- [Exercise]
Reproduce the whole of the records exactly, and make sure no picture is carried into the result.

[Stored data]
-.-.-
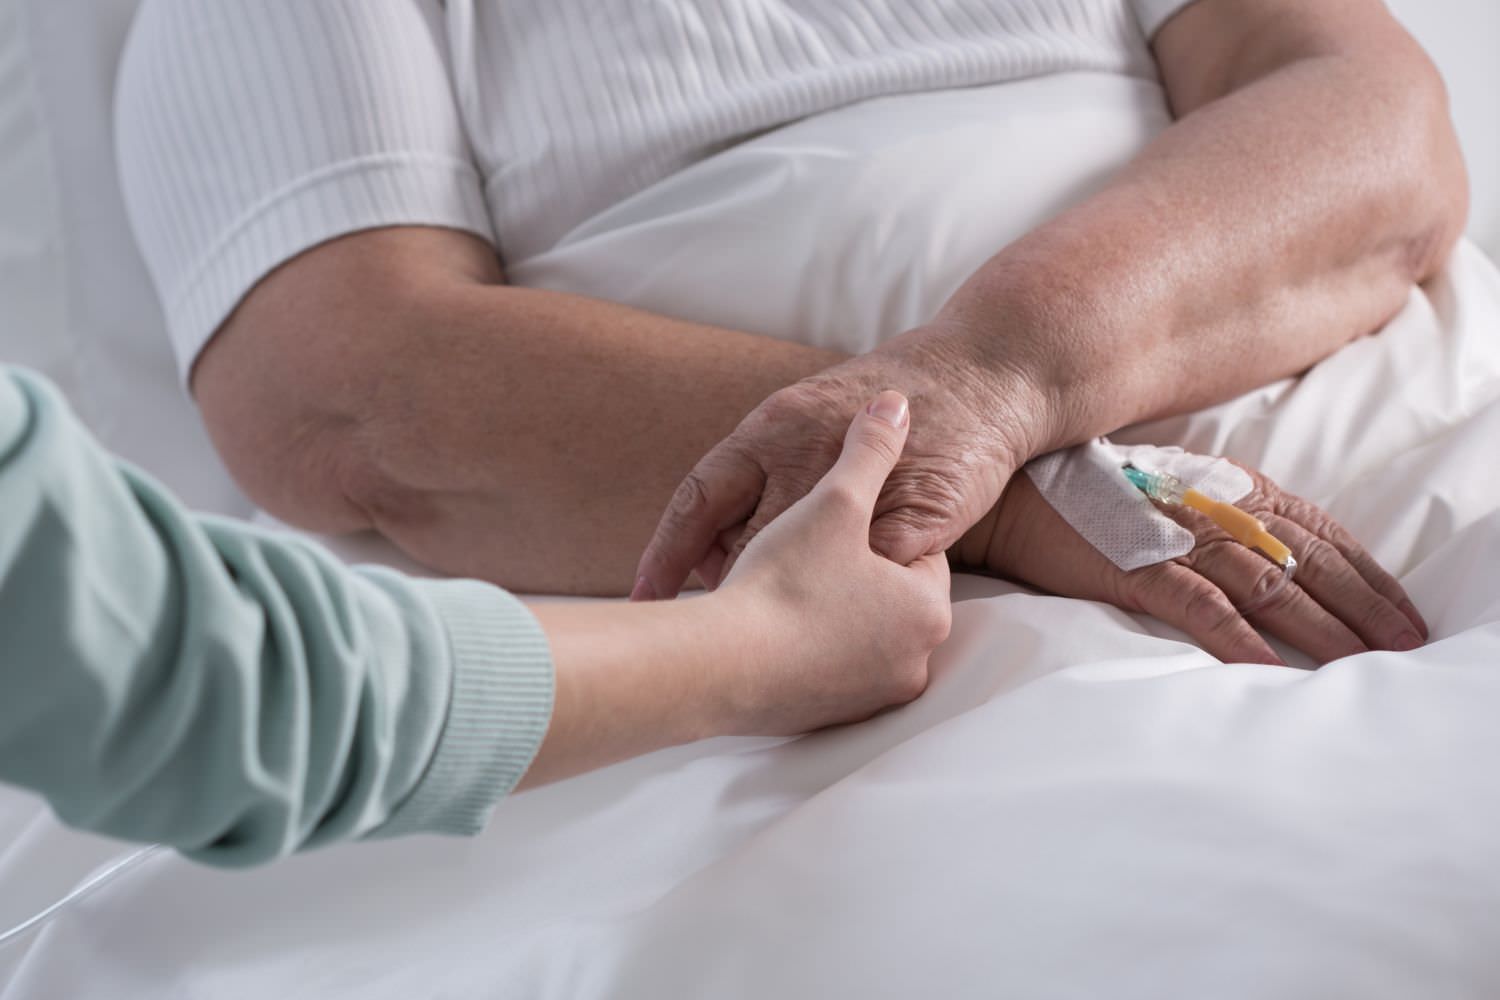 Bild zeigt: Junge Frau hält die Hand einer kranken Frau im Krankenahaus
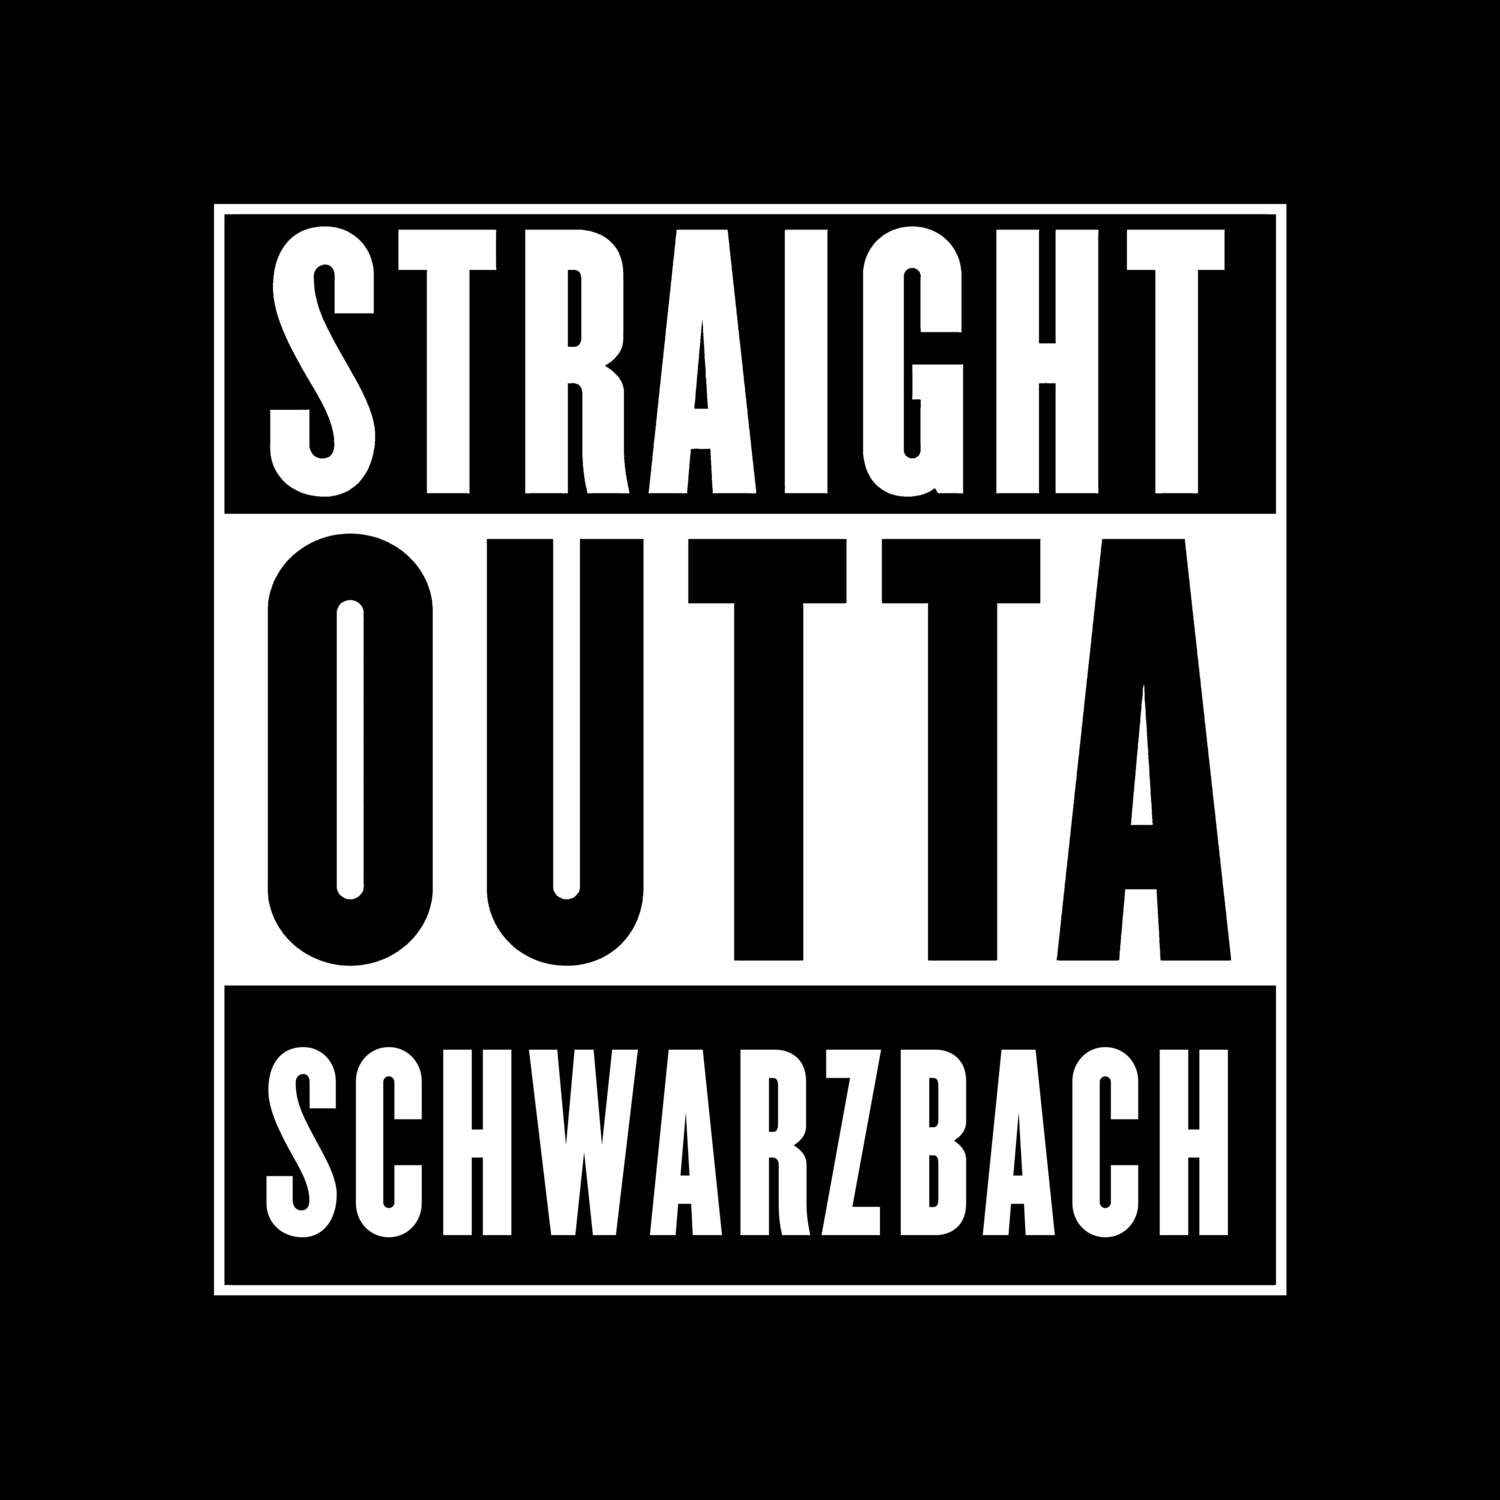 Schwarzbach T-Shirt »Straight Outta«
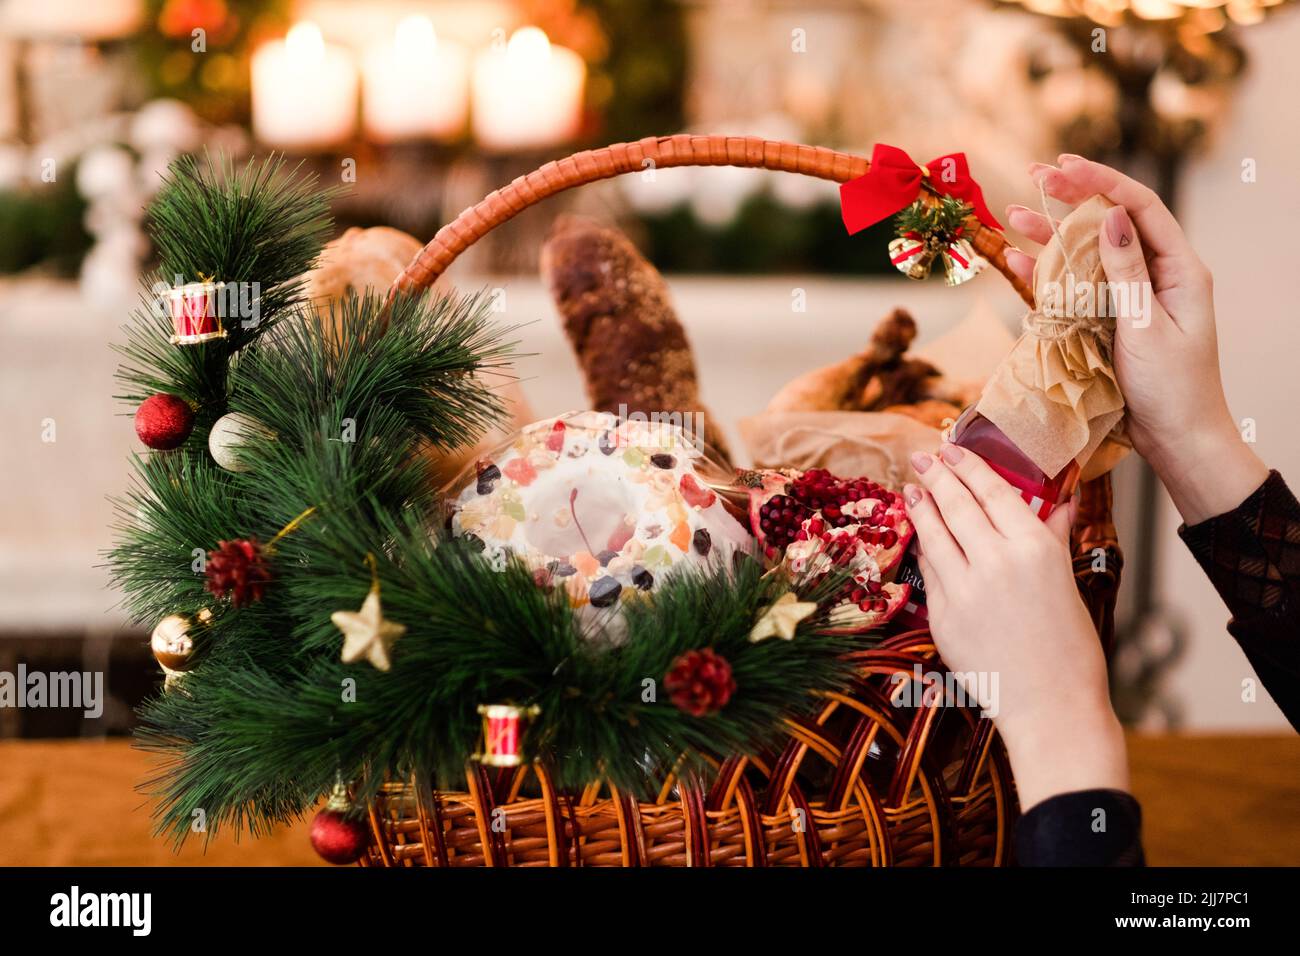 Christmas goods basket holiday food Stock Photo
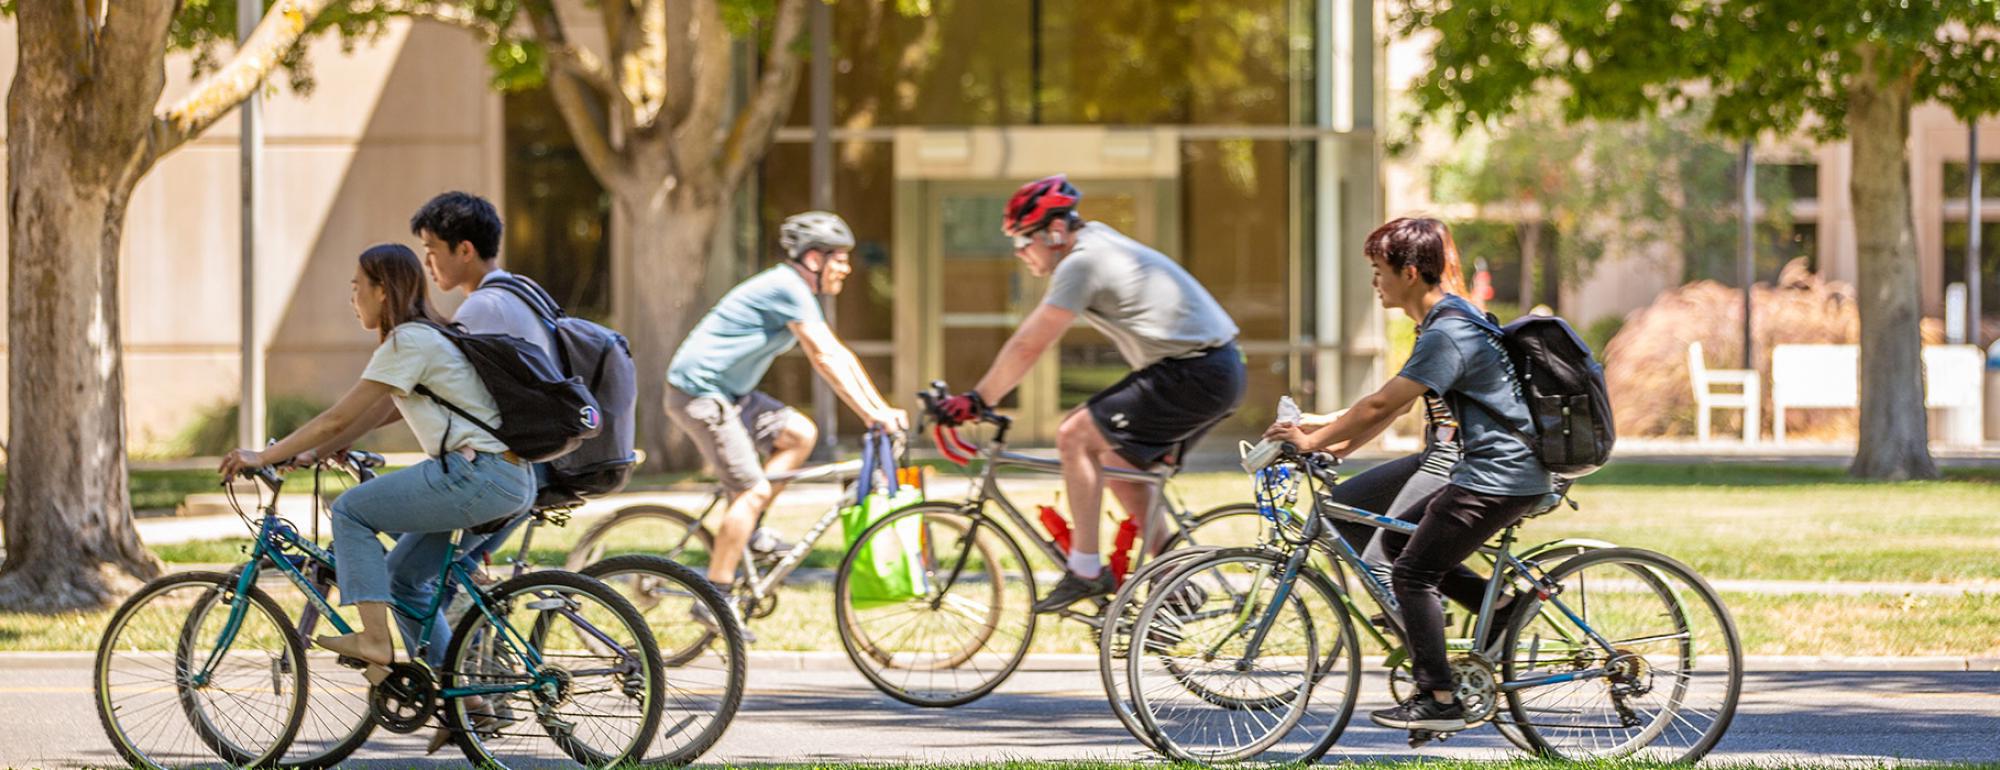 学生们在院子前骑自行车
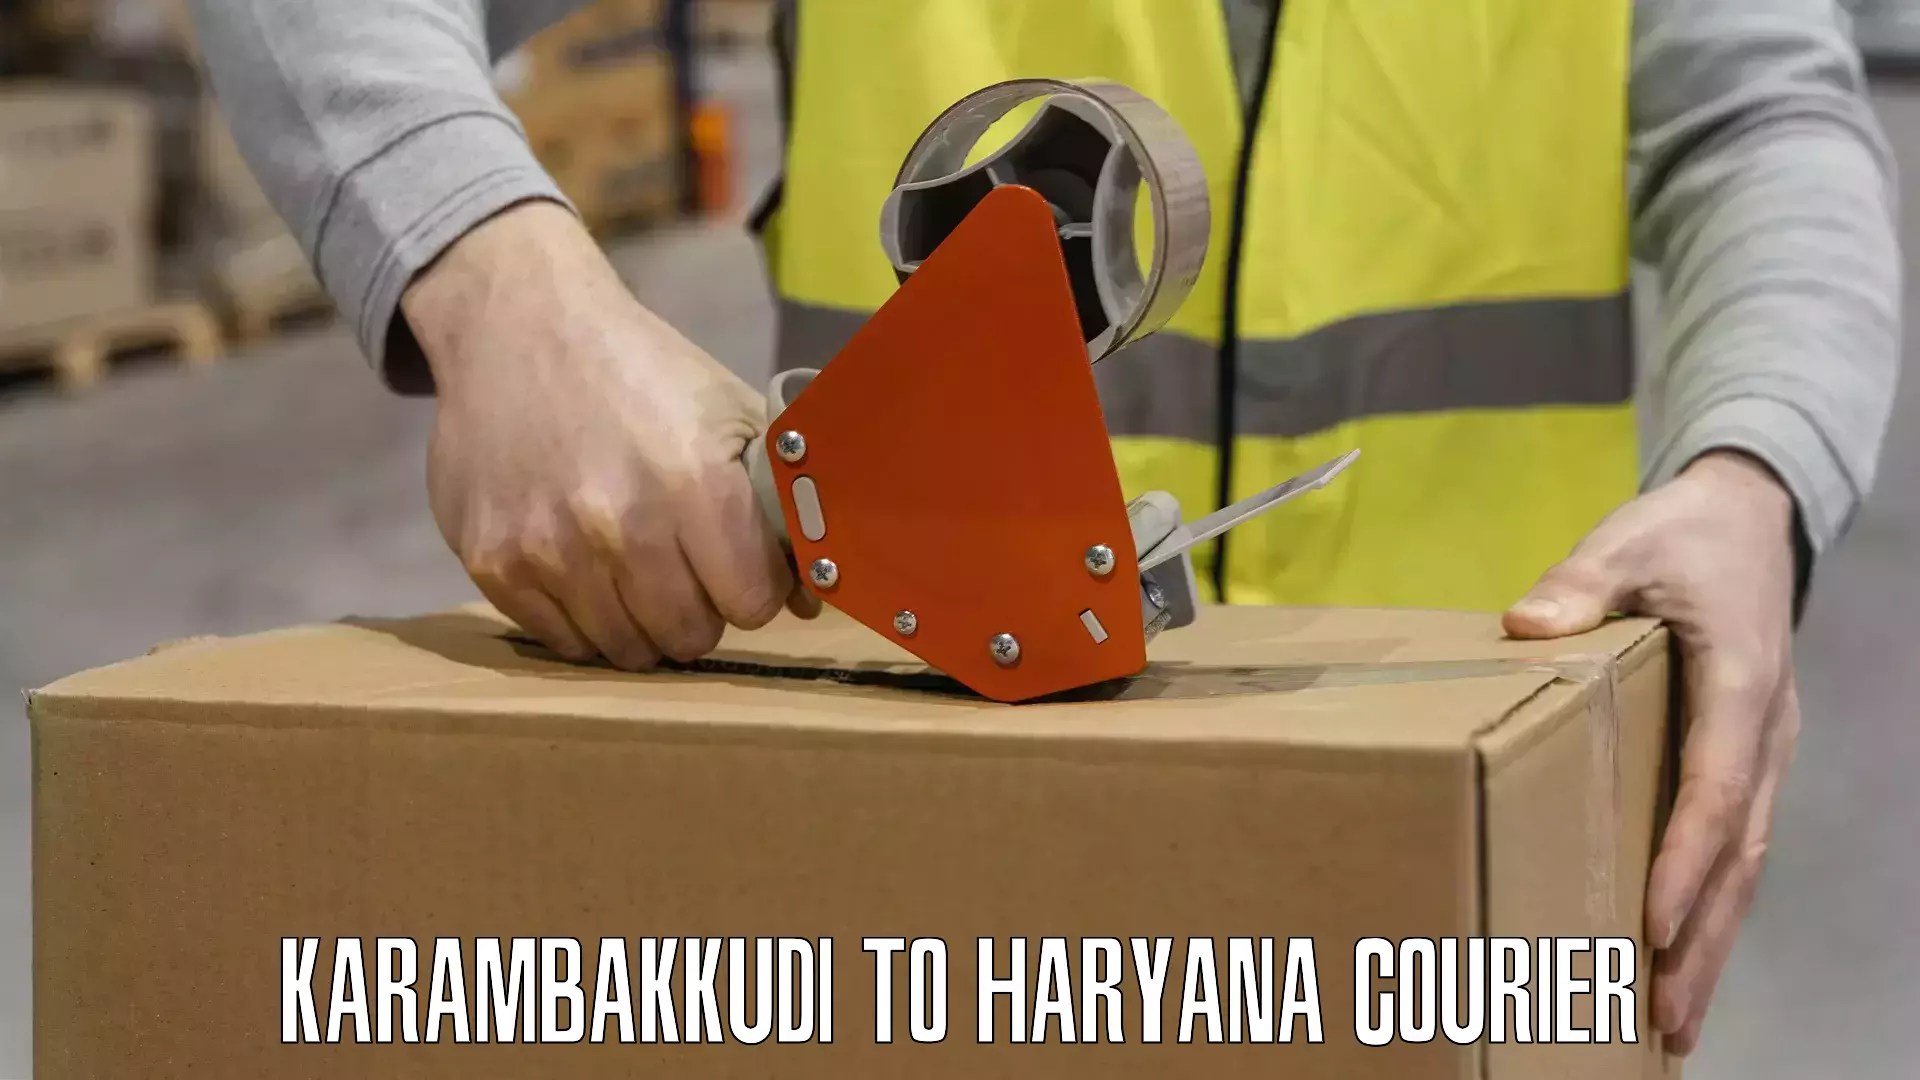 Nationwide parcel services Karambakkudi to Haryana
-.-.-
- [Task result]
 Bild zeigt: Junge Frau hält die Hand einer kranken Frau im Krankenahaus
 Schwarzbach T-Shirt »Straight Outta«
 Christmas goods basket holiday food Stock Photo
 学生们在院子前骑自行车
 Nationwide parcel services Karambakkudi to Haryana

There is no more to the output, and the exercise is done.